Dante and Virgil in Hell, by Jean-Leon Gerome. Oil on canvas. Currently at the Musée Georges-Garret, Vesoul, France.
Dante and Virgil in Hell by Jean-Leon Gerome

Courtesy of Morot-Dubufe/Wikimedia Commons

The following canto is reprinted from Clive James’ new translation of The Divine Comedy, out now from Liveright.

At the mid-point of the path through life, I found
Myself lost in a wood so dark, the way
Ahead was blotted out. The keening sound
I still make shows how hard it is to say
How harsh and bitter that place felt to me—
Merely to think of it renews the fear—
So bad that death by only a degree
Could possibly be worse. As you shall hear,
It led to good things too, eventually,
But there and then I saw no sign of those,
And can’t say even now how I had come
To be there, stunned and following my nose
Away from the straight path. And then, still numb
From pressure on the heart, still in a daze,
I stumbled on the threshold of a hill
Where trees no longer grew. Lifting my gaze,
I saw its shoulders edged with overspill
From our sure guide, the sun, whose soothing rays
At least a little melted what that night
Of dread had done to harden my heart’s lake—
And like someone who crawls, half dead with fright,
Out of the sea, and breathes, and turns to take
A long look at the water, so my soul,
Still thinking of escape from the dark wood
I had escaped, looked back to see it whole,
The force field no one ever has withstood
And stayed alive. I rested for a while,
And then resumed, along the empty slope,
My journey, in the standard crofter’s style,
Weight on the lower foot.
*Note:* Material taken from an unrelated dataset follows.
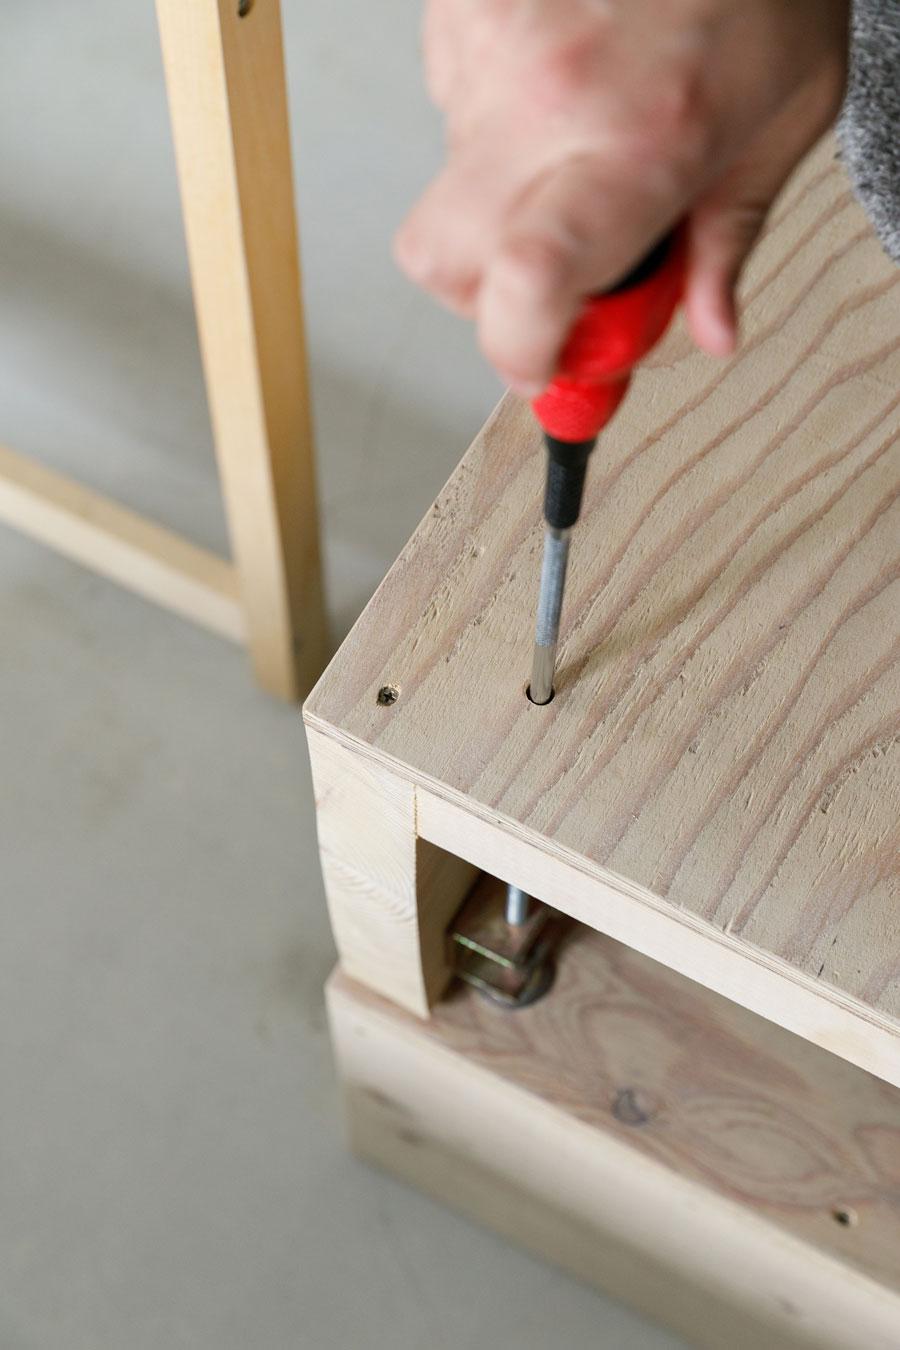 床に敷いた後に水平を取れるよう、小さな穴からドライバーを差し込み、金具で高さを調整できるようにしてある。

Harder to cope
When things got steeper, and a mountain cat
With parti-coloured pelt, light on its feet,
In a trice was in my face and stayed like that,
Barring my way, encouraging retreat.
Three beasts—was this the leopard, Lechery?—
Were said to block the penitential climb
For sinners and for all society,
And here was one, sticking to me like lime.
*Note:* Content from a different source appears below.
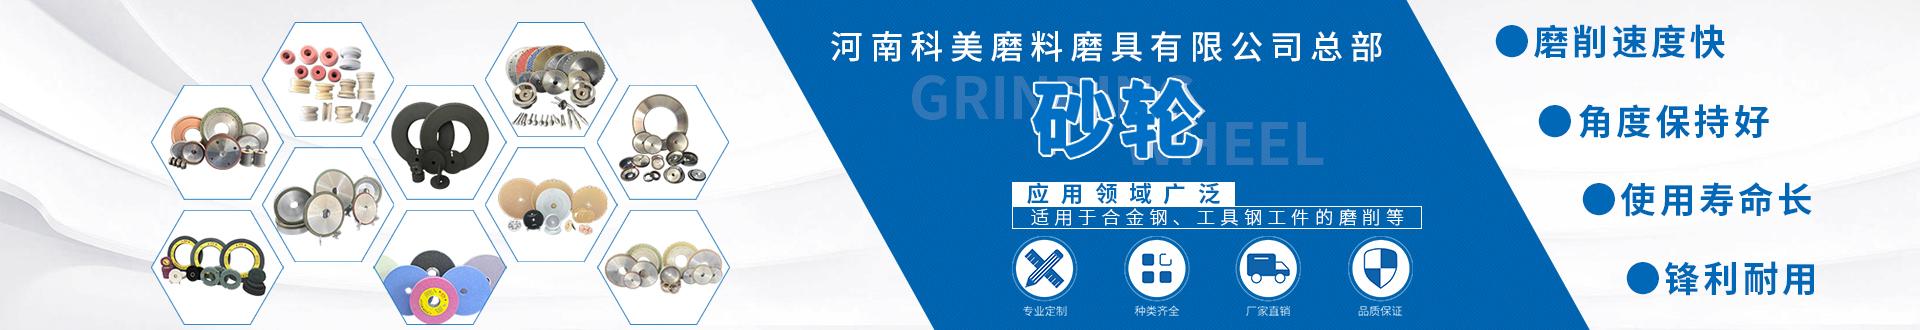 河南科美磨料磨具有限公司总部

Not only did it hamper me, it made
Me think of turning back. Now was the time
Morning begins. The sun, fully displayed
At last, began its climb, but not alone.
The stars composing Aries, sign of spring,
Were with it now, nor left it on its own
When the First Love made every lovely thing
The world can boast: a thought to give me heart
That I might counter, in this gentle hour
Of a sweet season, the obstructive art,
Pretty to see but frightful in its power,
Of that cat with the coloured coat. But wait:
If fear had waned, still there was fear enough
To bring on Pride, the lion, in full spate:
Head high, hot breath to make the air look rough—
As rocks in summer seem to agitate
The atmosphere above them without cease—
So rabid was its hunger. On its heels
The wolf appeared, whose name is Avarice,
Made thin by a cupidity that steals
Insatiably out of its own increase,
Obtained from many people it made poor.
This one propelled such terror from its face
Into my mind, all thoughts I had before
Of ever rising to a state of grace
Were crushed. And so, as one who, mad for gain,
Must find one day that all he gains is lost
In a flood of tears, a conscience racked with pain,
Just so I felt my hopes came at the cost
Of being forced, by this unresting beast,
Little by little down towards that wood
Whose gloom the sun can never in the least
Irradiate. But all at once there stood
Before me one who somehow seemed struck dumb
By the weight of a long silence. “Pity me,
And try to tell me in what form you come,”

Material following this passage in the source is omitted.